The annotator can also be run as a podman container, with a similar technique as above. However, the annotator requires --user $UID because Bazel will not run as root (UID 0).

Please consult --help for additional options.

Manually annotate a troublesome commit¶

export GITHUB_TOKEN=<any Github token with push access to the IC repo>
COMMIT_TO_ANNOTATE=9da8cc52d3d576410174bb28d629862f05a635e0
AFFECTS_OS=yes
WHICH_OS=HostOS # or GuestOS, or leave out --os-kind for all OSes
bazel run //release-controller:commit-annotator \
  -- \
  manually-annotate \
  $COMMIT_TO_ANNOTATE $AFFECTS_OS --os-kind $WHICH_OS

Generate release notes locally¶

Release notes can be generated locally, using the following command:

PREV_RC=rc--2025-03-27_03-14-base
PREV_COMMIT=3ae3649a2366aaca83404b692fc58e4c6e604a25
CURR_RC=rc--2025-04-03_03-15
CURR_COMMIT=68fc31a141b25f842f078c600168d8211339f422
bazel run //release-controller:release-notes -- \
   $PREV_RC $PREV_COMMIT $CURR_RC $CURR_COMMIT \
  --verbose

The form of the command above requires you to run a commit annotator in parallel. If you want to use the internal commit annotator that does not need a commit annotator running in parallel, add option --commit-annotator-url local instead. If you want to recalculate the commit annotations instead of using cached ones, you can use option --commit-annotator-url recreate. This last option is useful when testing the effects of changes made to the commit annotator code or Bazel query formulas the annotator uses.

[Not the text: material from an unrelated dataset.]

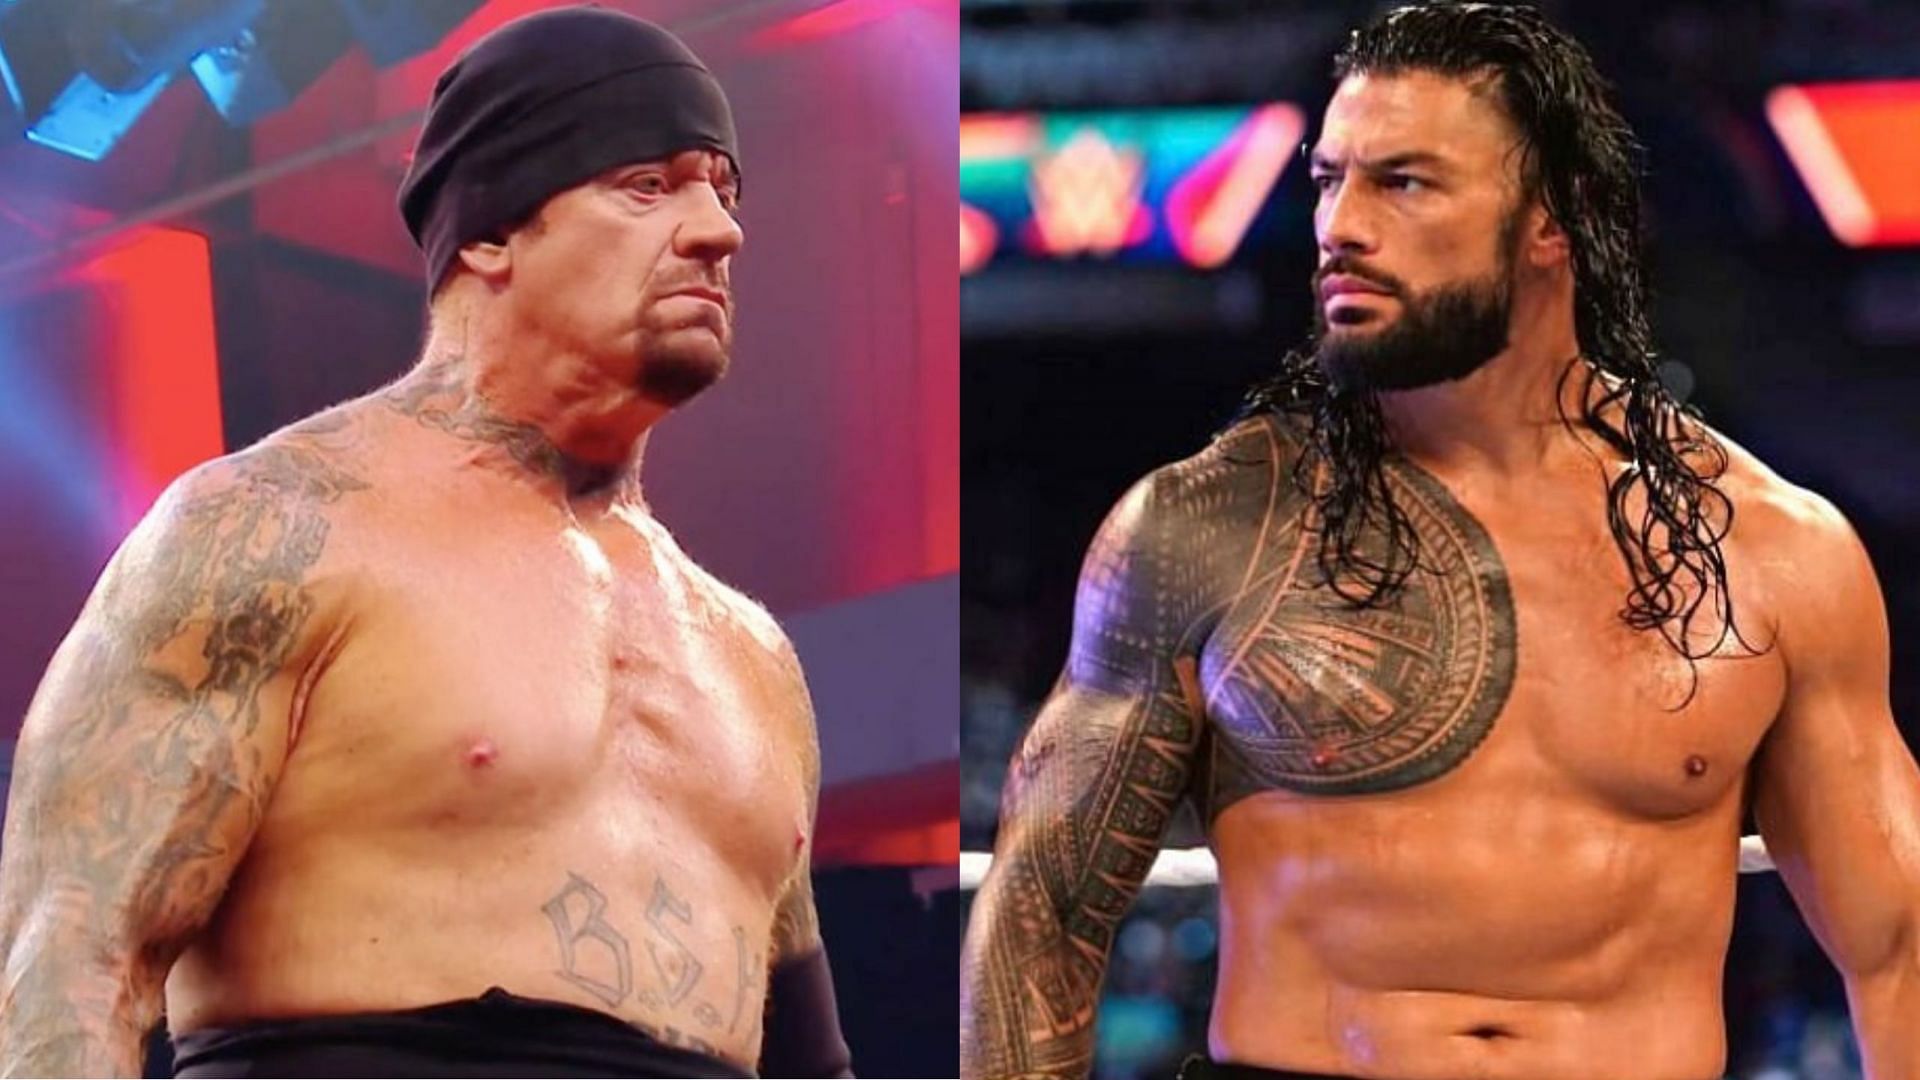 The Undertaker (left); Roman Reigns (right)

A great tip / trick to diagnose exactly what the release notes and commit annotation processes would do is to pick a commit from the IC repo, figure out which its parent commit is, then run:

PREV_RC=prev
PREV_COMMIT=1354f31c9cd4fb6b4a65ab64eb9ac4a0a4d16839 # parent commit
CURR_RC=curr
CURR_COMMIT=f8131bfbc2d339716a9cff06e04de49a68e5a80b # commit
bazel run //release-controller:release-notes -- \
   $PREV_RC $PREV_COMMIT $CURR_RC $CURR_COMMIT \
   --commit-annotator-url recreate \
  --os-kind=GuestOS \
  --verbose
bazel run //release-controller:release-notes -- \
   $PREV_RC $PREV_COMMIT $CURR_RC $CURR_COMMIT \
   --commit-annotator-url recreate \
  --os-kind=HostOS \
  --verbose

That run tells you what the annotation process would do for that single commit in question.

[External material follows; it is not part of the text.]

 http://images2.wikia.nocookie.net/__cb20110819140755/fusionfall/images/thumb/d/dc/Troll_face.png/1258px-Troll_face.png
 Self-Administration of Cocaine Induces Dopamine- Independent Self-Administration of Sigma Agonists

Please consult --help for additional options.

Tests¶

Unit tests¶

bazel test //release-controller/...

The above runs all tests and typechecks tested files.

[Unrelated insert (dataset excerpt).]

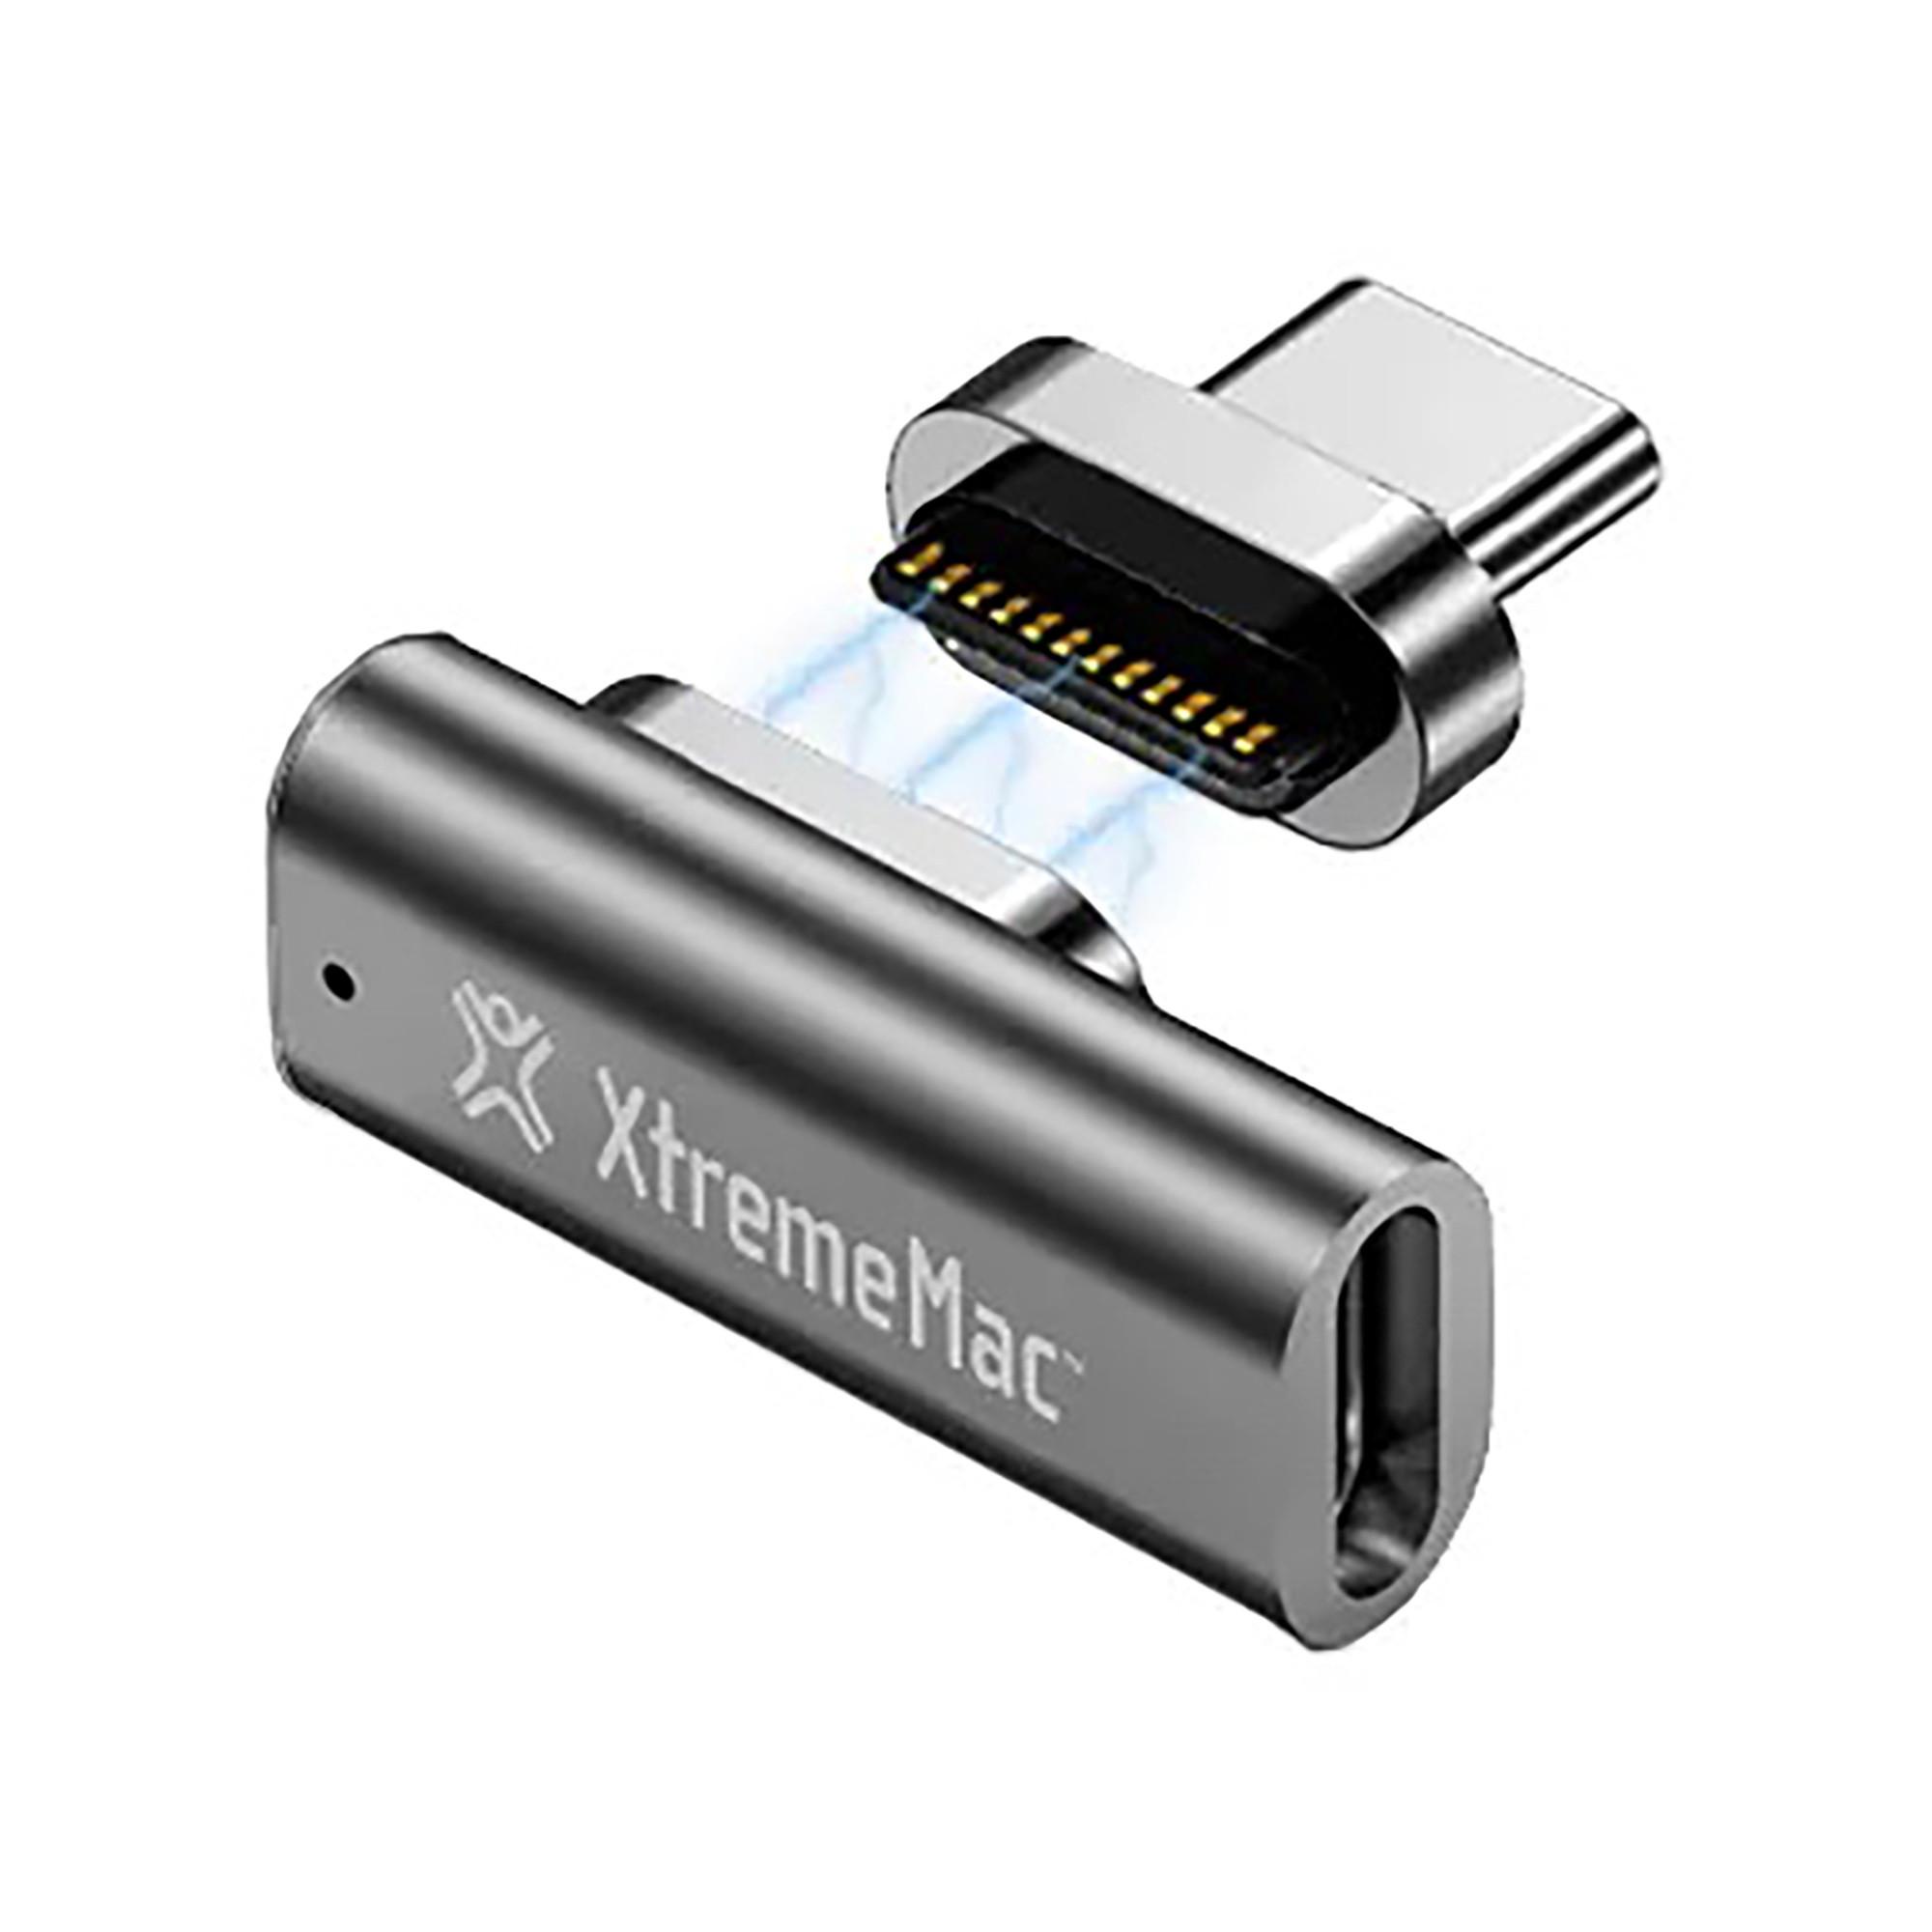 XtremeMac TYPE-C MAGNETIC ADAPTER - CHARGE & SYNC Adaptateur

With a .venv setup by rye, you can also run (with varying levels of success):

export PYTHONPATH=$PWD/release-controller/
.venv/bin/python3 release-controller/tests/runner.py

If you want to run a specific test file, specify its path as an argument to the above command line.

Typing correctness¶

Building it all tests MyPy types:

bazel build //release-controller/...

Maintenance¶

The container image currently used by release controller components is an Ubuntu 24.04 image built by Bazel. Refer to BUILD.bazel and ../images/BUILD.bazel for instructions on how to maintain and update the images.